Tegmental kappa-opioid receptor neurons modulate opioid withdrawal via the periaqueductal gray

Abstract Opioid withdrawal is a common and distressing manifestation of opioid dependence which, if left untreated, frequently results in relapse, accidental overdose, and suicide. While much is known about the role of mesolimbic and mesocortical dopaminergic neurons in mu opioid receptor-mediated reward, much less is understood about the impact of chronic opioid use on parallel aversive pathways mediated by the kappa opioid receptor and its endogenous ligand dynorphin.
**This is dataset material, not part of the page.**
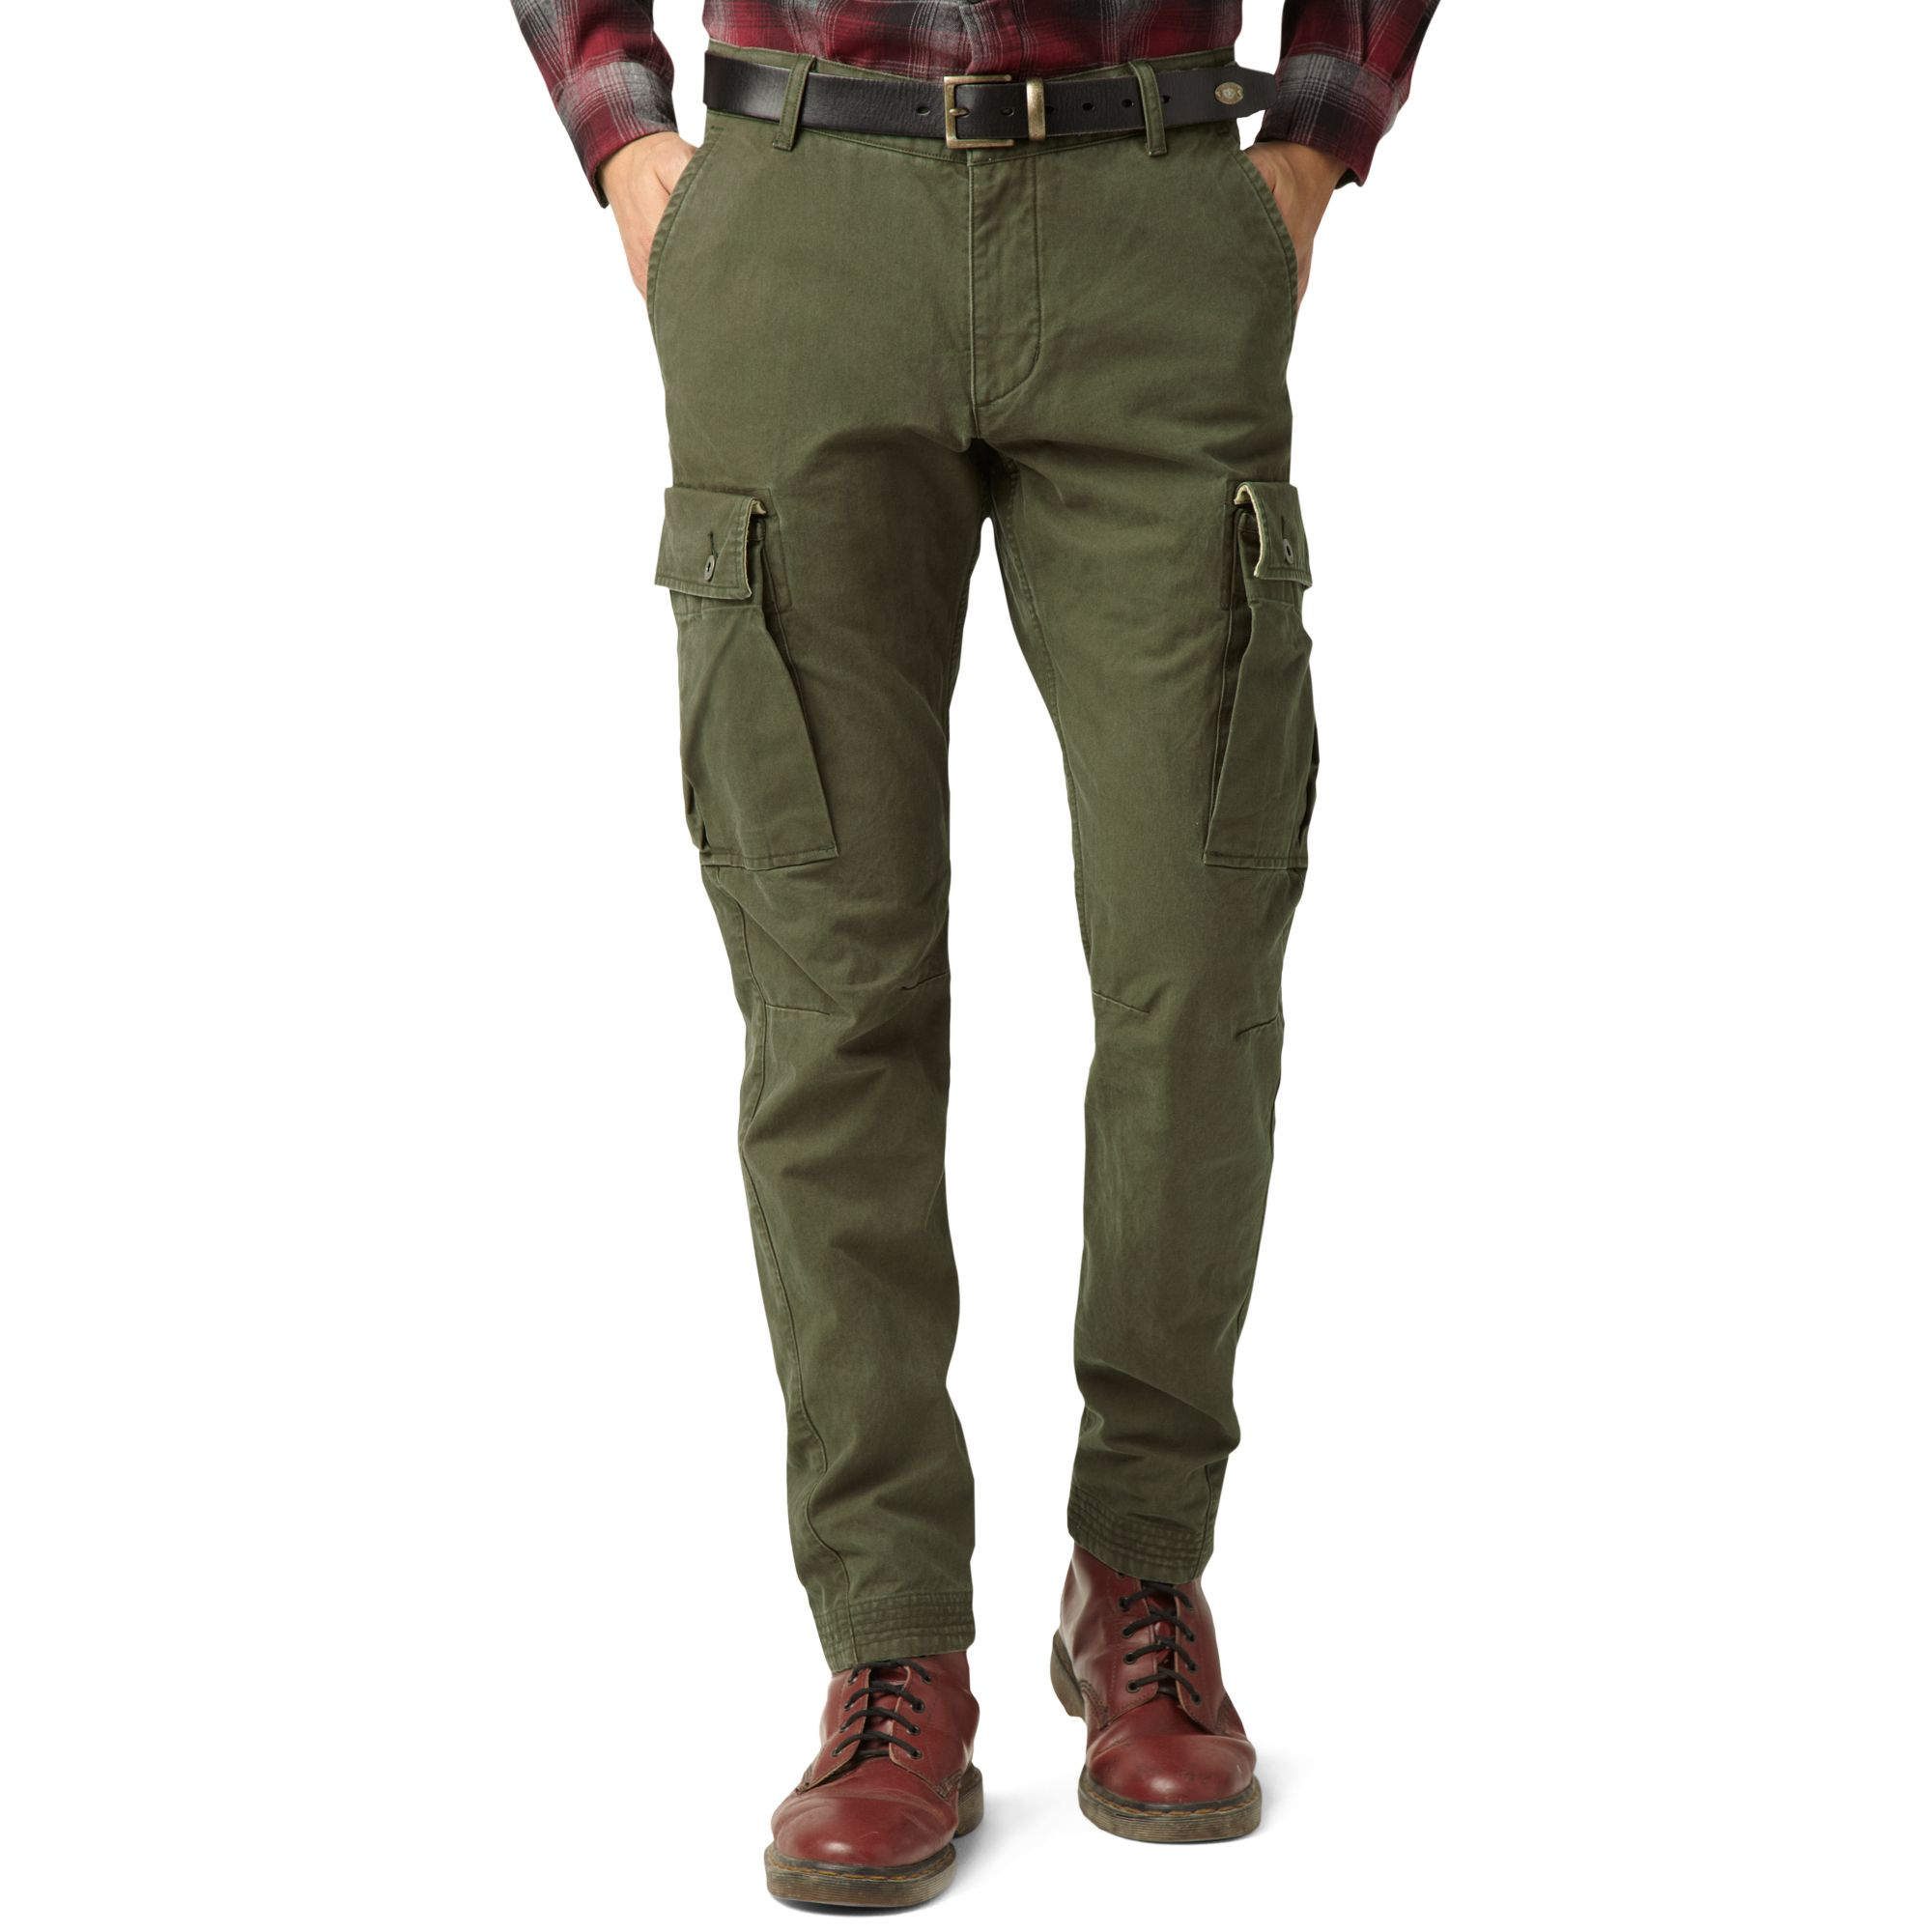 green khaki pants men - Pi Pants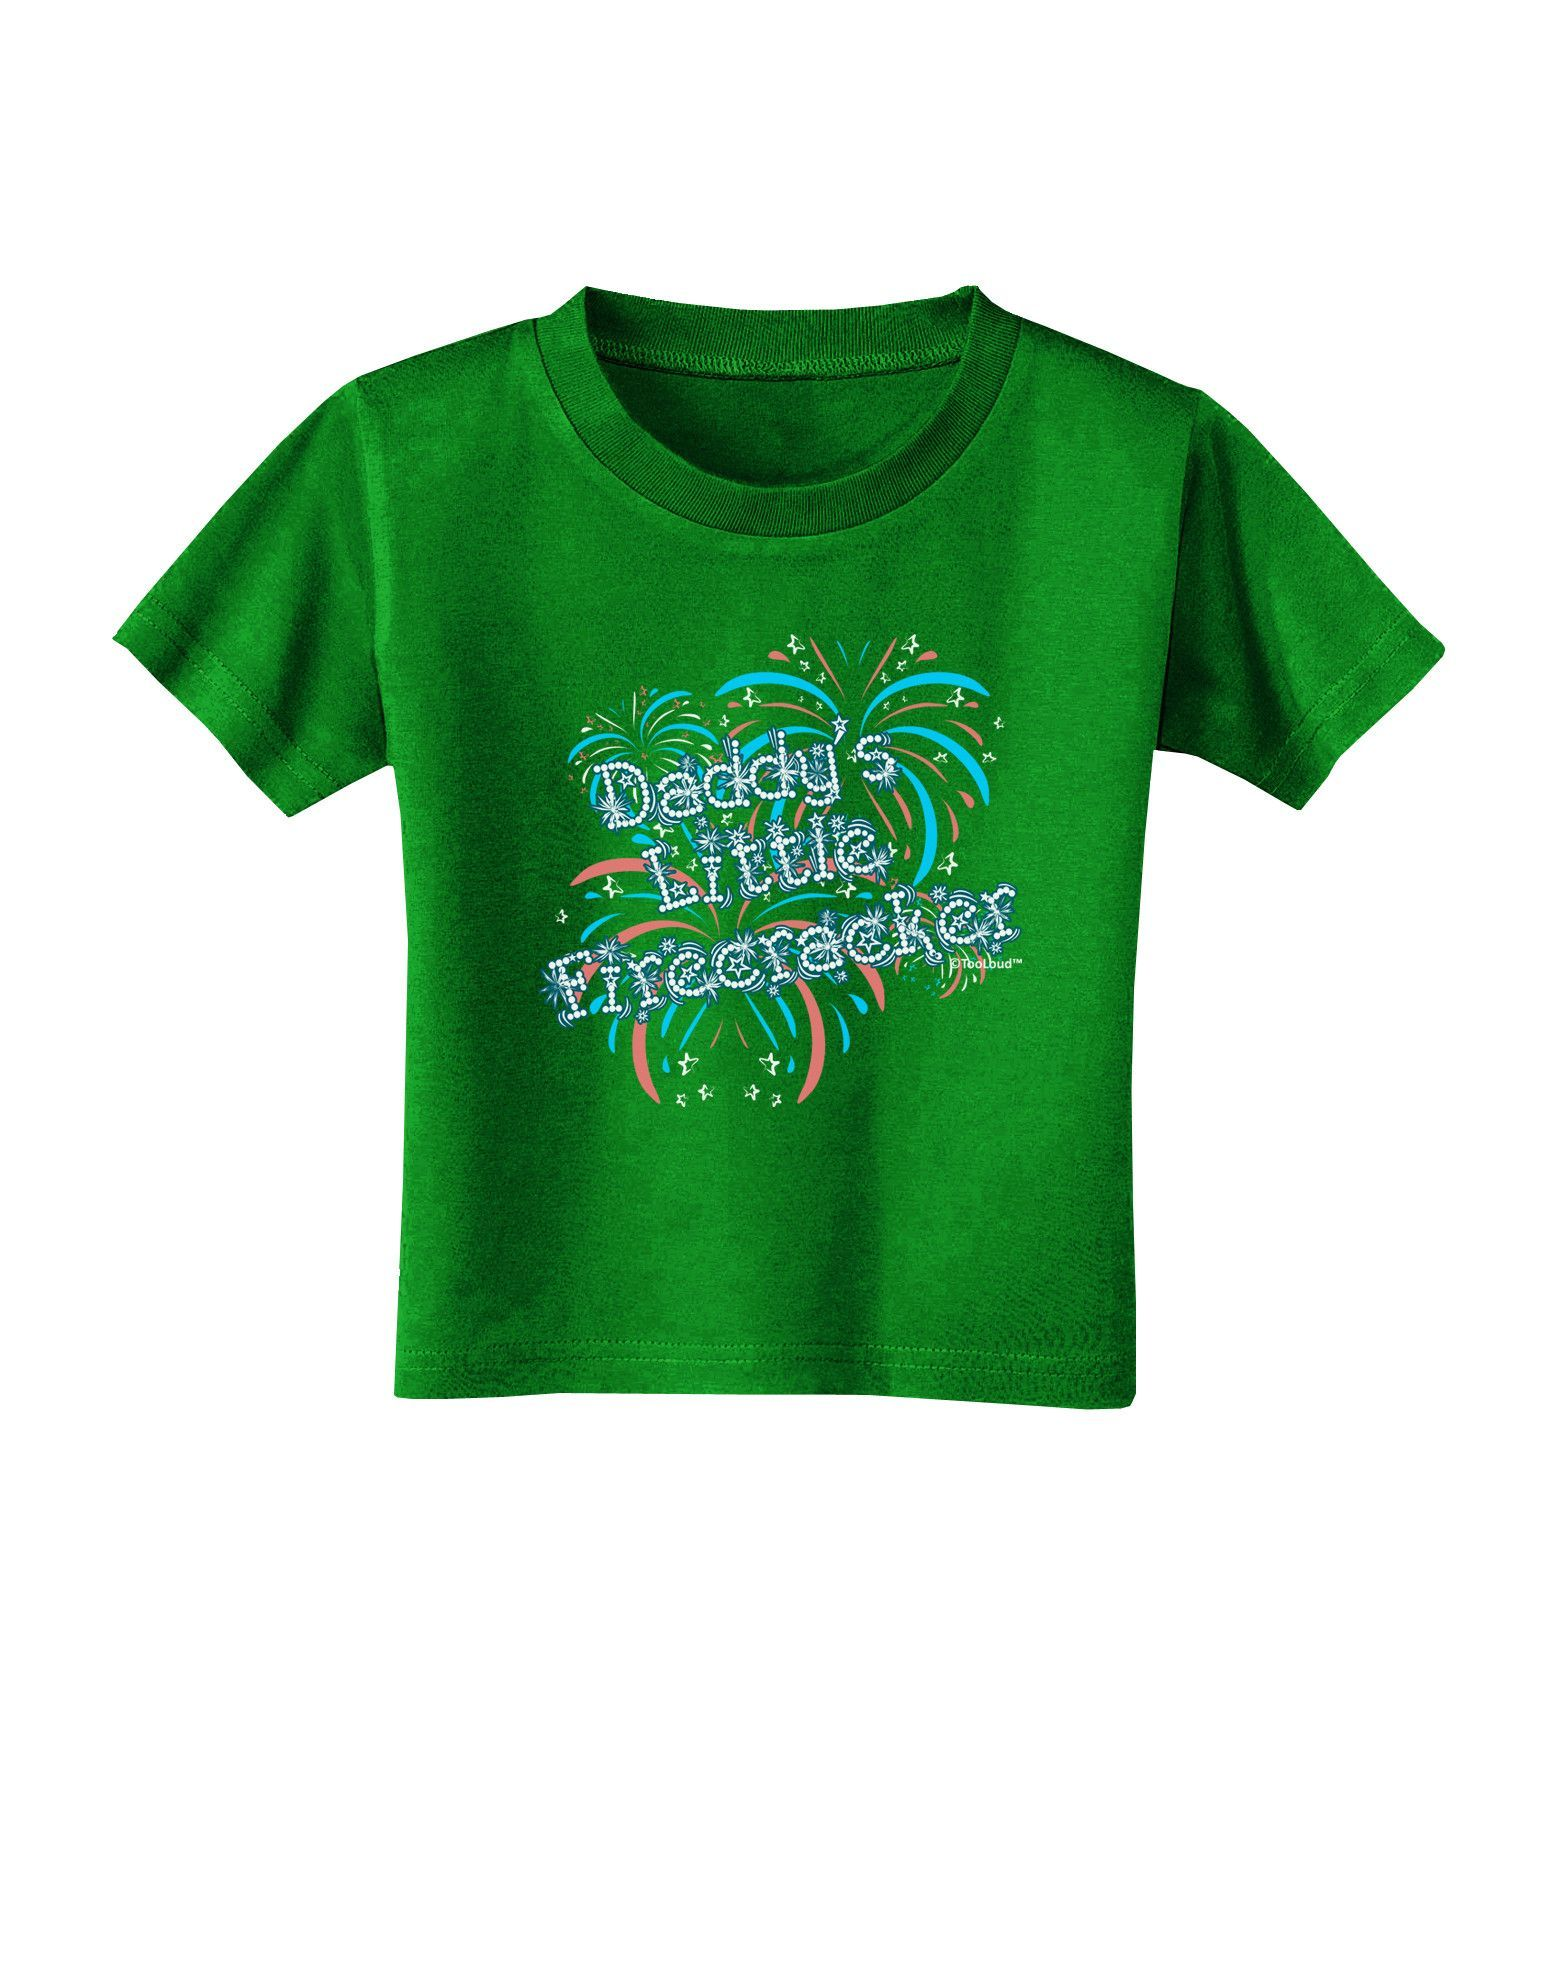 TooLoud Buy Local Produce Text Infant T-Shirt Dark

In the present study, we interrogate kappa opioid receptor-expressing ventral tegmental area neurons and their dynorphinergic inputs in vitro and in vivo, to elucidate the circuit mechanisms by which chronic opioids promote withdrawal behaviors in mice. Through a combination of genetic, molecular, and custom machine learning analytical approaches, we uncovered the effects of chronic morphine on kappa opioid receptor mRNA expression in the ventral tegmental area as well as dynorphin mRNA expression in several retrogradely traced dynorphinergic input regions. We find that chronic morphine exposure diminishes opioid-induced c-Fos expression selectively in midbrain kappa opioid receptor-expressing neurons. In addition, chemogenetic activation of kappa opioid receptor-expressing ventral tegmental area neurons was sufficient to attenuate diverse opioid withdrawal-associated behaviors, negative affect, and gastrointestinal distress in mice. Finally, we uncovered a glutamatergic subpopulation of kappa opioid receptor-expressing ventral tegmental area neurons projecting to the ventrolateral periaqueductal gray which, when activated, selectively relieved opioid withdrawal-associated gastrointestinal distress. These discoveries highlight a critical role for midbrain kappa opioid receptor-expressing neurons and the downstream ventrolateral periaqueductal gray in opioid withdrawal-associated disruption of hedonic homeostasis and gastrointestinal regulation.